Hi,
Is the bandwidth from CPU to GPU usually greater than the bandwidth from GPU to CPU?
$$ BW (CPU->GPU) >> BW (CPU<-GPU)$$
I tested the bandwidth using nvbandwidth and bandwidthTest in the Cuda-sample, and found that there’s an asymmetry between the bandwidth of Host to Device and that of Device to Host.
I’m using PCIe Gen 5, and GPU H100.
Product Name : NVIDIA H100 PCIe
PCIe Generation
SRAM PCIE : 0
- bandwidthTest
When I copy data from the host to the device, it was 4.20 GB/s, and when I sent it from the device to the host, it was only 1.33 GB/s when I copy the about 64 MB sized data.
- nvbandwidth
nvbandwidth Version: v0.6
Built from Git version: v0.6
CUDA Runtime Version: 12040
CUDA Driver Version: 12040
Driver Version: 550.127.05
Device 0: NVIDIA H100 PCIe (00000000:01:00)

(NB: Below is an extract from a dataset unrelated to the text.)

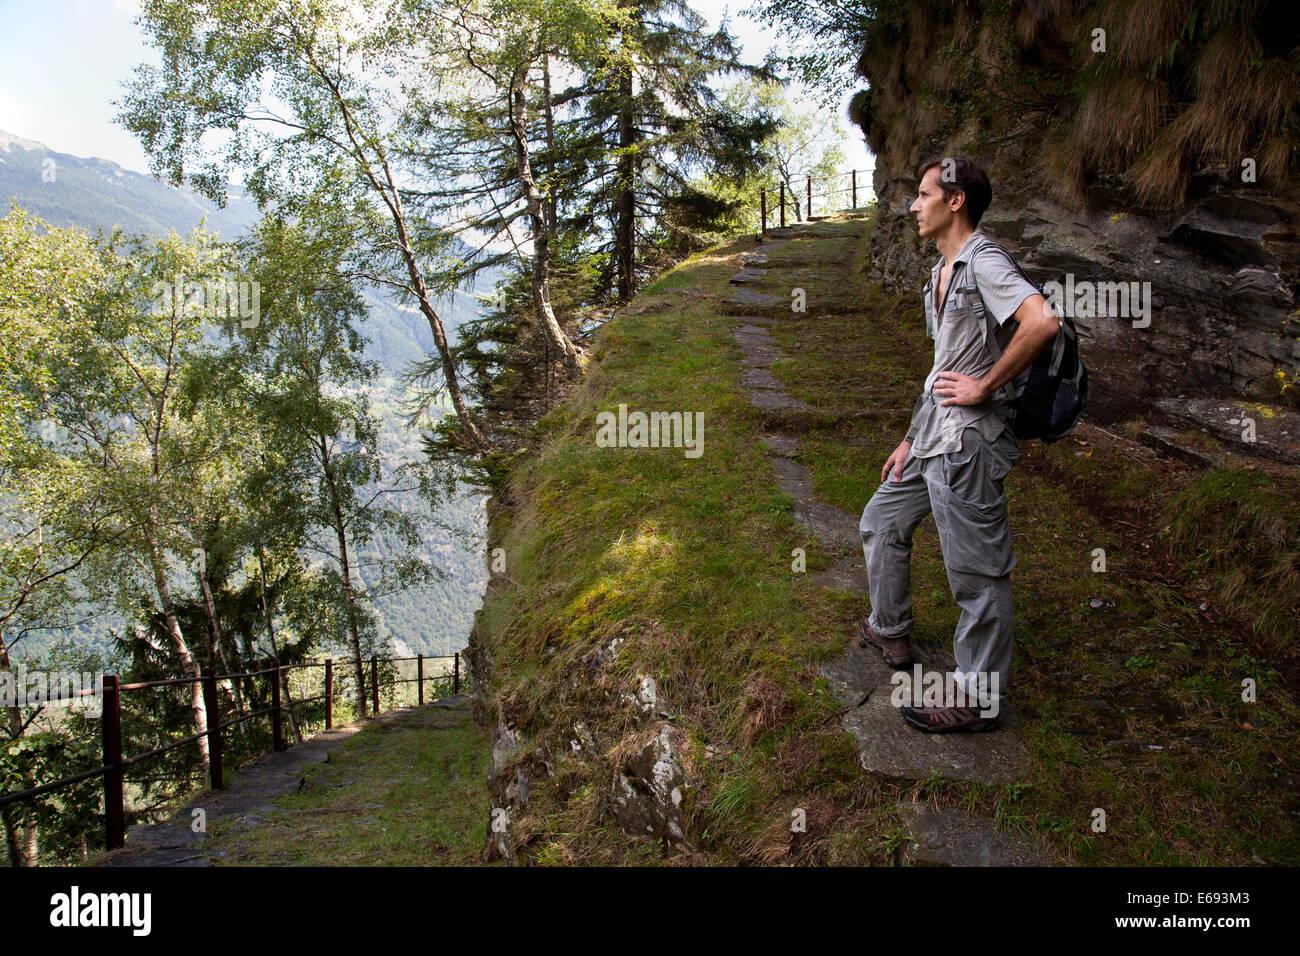 Man on mountain path pausing to admire the views. - Stock Image

Running host_to_device_memcpy_ce.
memcpy CE CPU(row) -> GPU(column) bandwidth (GB/s)
0
0 4.18
SUM host_to_device_memcpy_ce 4.18
Running device_to_host_memcpy_ce.
memcpy CE CPU(row) <- GPU(column) bandwidth (GB/s)
0
0 1.23
As you can see, the bandwidth in device to host memory copy is only 1.23 GB/s while host to device reaches 4.18.
With the two evaluations, I can tell the data copy operation from GPU to CPU has about 4 times less bandwidth than the data copy operation from CPU to GPU. Is this conclusion right? I’m not sure why there’s a difference in bandwidth.